Here's why: the word "morals" always makes BG a little nervous. Not
because "morals" themselves are a bad thing, but because of how the
word gets wielded. More often than not, it's used not to hold oneself to high
standards, but to self-righteously denounce those whose standards, allegedly,
fall short. Your letter, while well-intentioned, smacks of the latter.
When you question the "morals" of the women
you meet, I'm guessing that you don't mean that they're all into kidnapping,
insider trading, or building Wal-Marts in preserved wetlands. You say you can't
imagine "that type of woman" -- what, the type who likes sex? Before
marriage, even? -- becoming the mother of your children. Eeeeuuwww. That
perception is what this type of woman calls a Madonna/Whore Complex. (Madonna
as in Mary.
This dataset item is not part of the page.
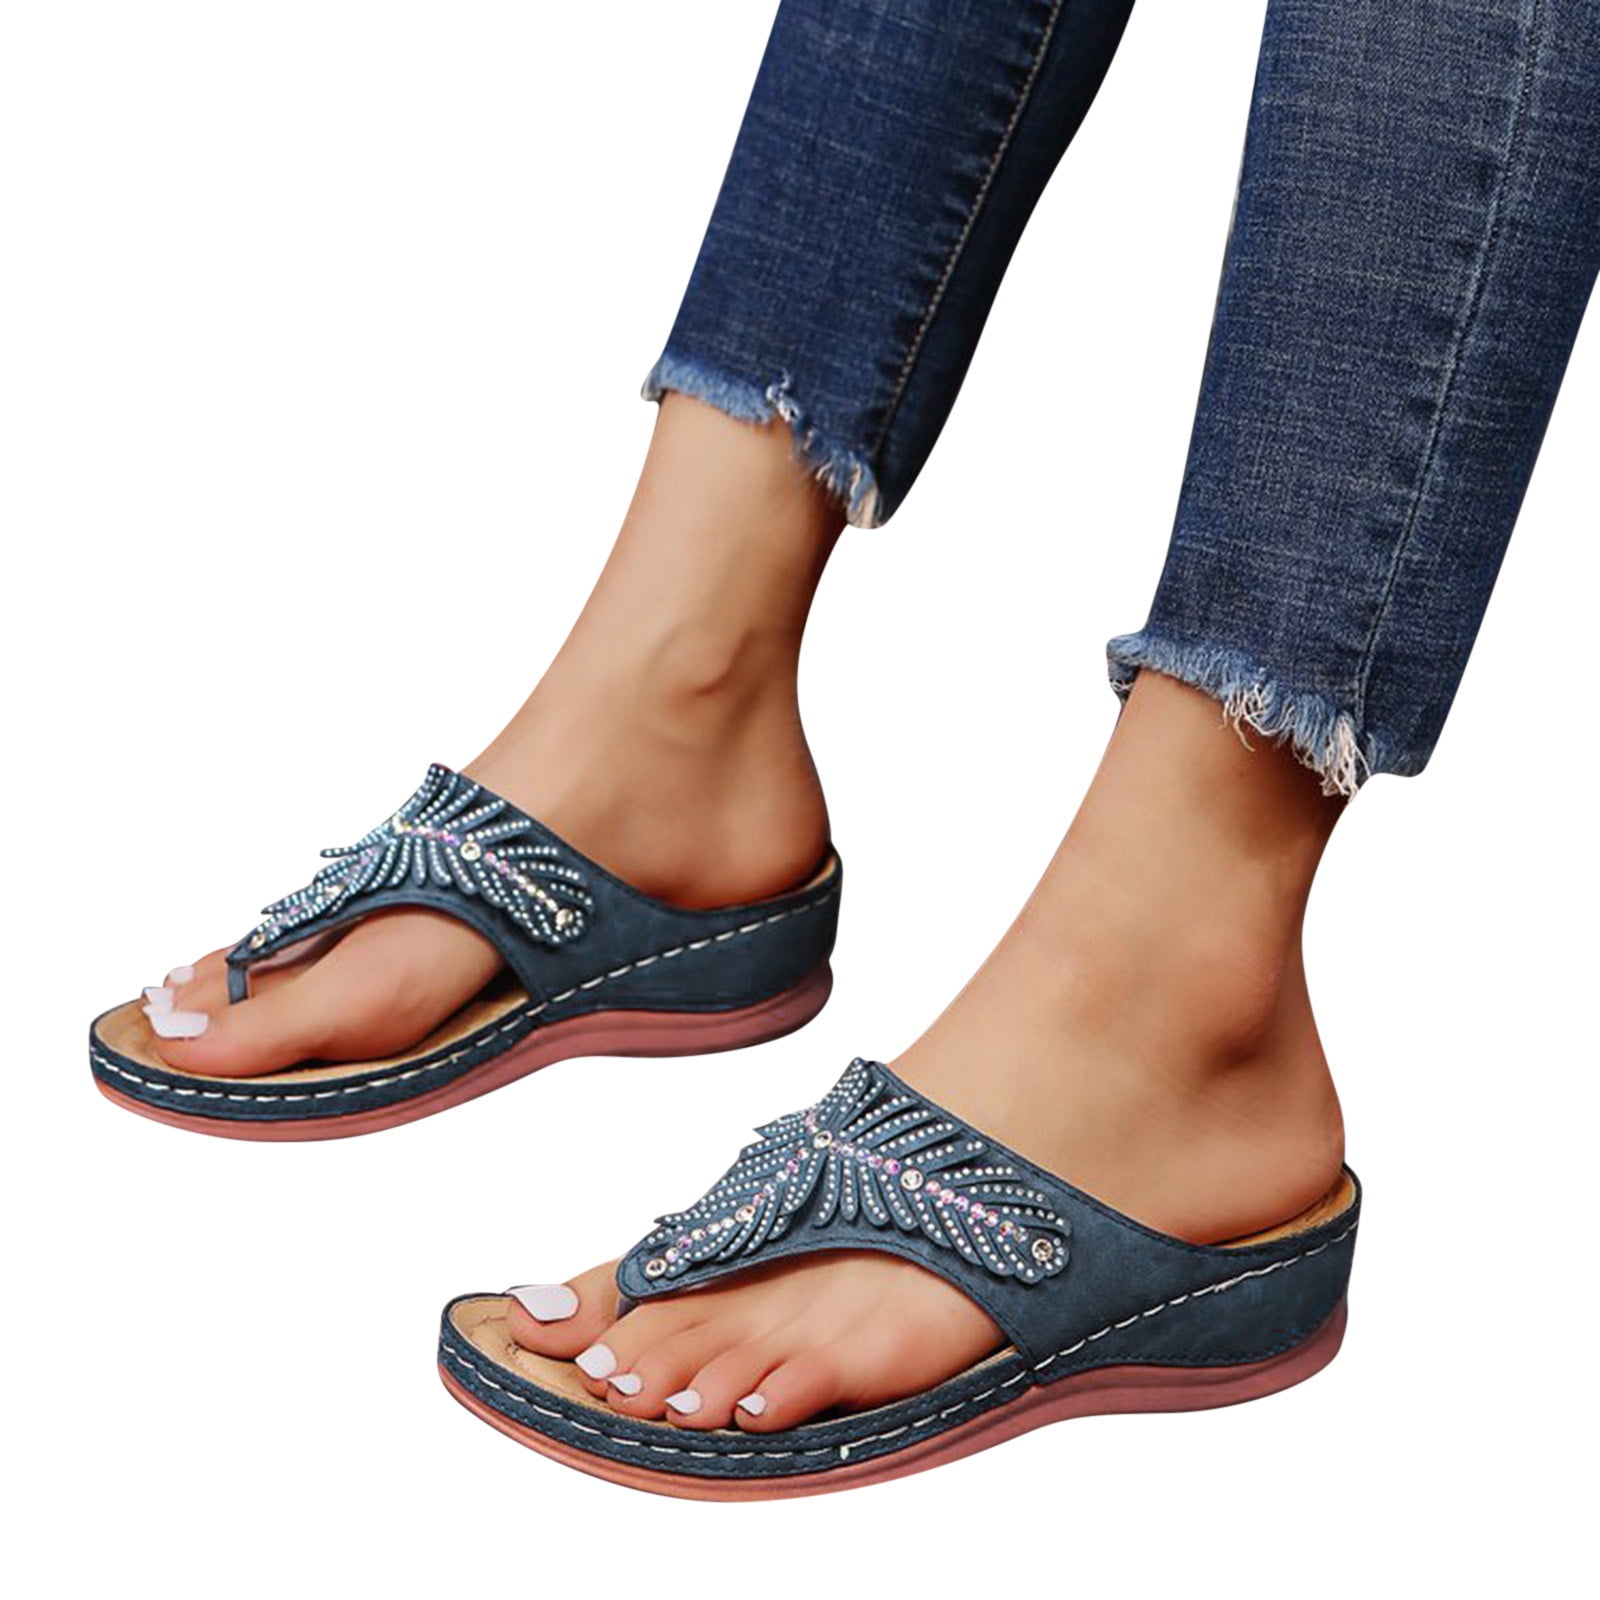 Gibobby Sandals for Women,Women Summer Casual Flat Strappy Platform Sandals Close Toe Wedges Comfy Outdoor Sandals Shoes

As in Virgin.) Reams of scholarly papers have been written on this
concept, but I'll define it briefly as the age-old Good Girl/Bad Girl either-or
double standard that doesn't give women a whole lot of breathing room. And if
you guys don't think this beast is alive and well, just consider a recent Fox
News poll asking whether people consider Monica Lewinsky (1) "an average
girl taken advantage of" or (2) "a young tramp looking for
thrills." (Factoid credit goes to Boston Globe columnist Ellen Goodman; BG
watches Fox News only on Sundays in a post-X-Files stupor, and that's IF she's
finished her column.)
So if you want to marry a woman who shares your
"morals," -- new-found morals, might I remind you, Mister Sexually
Active Since 16 -- that's totally fine. And by all means maintain the
"standards" that will make you truly happy. But Breakup Girl suggests
that you expand your notion of what and who would make a good mother.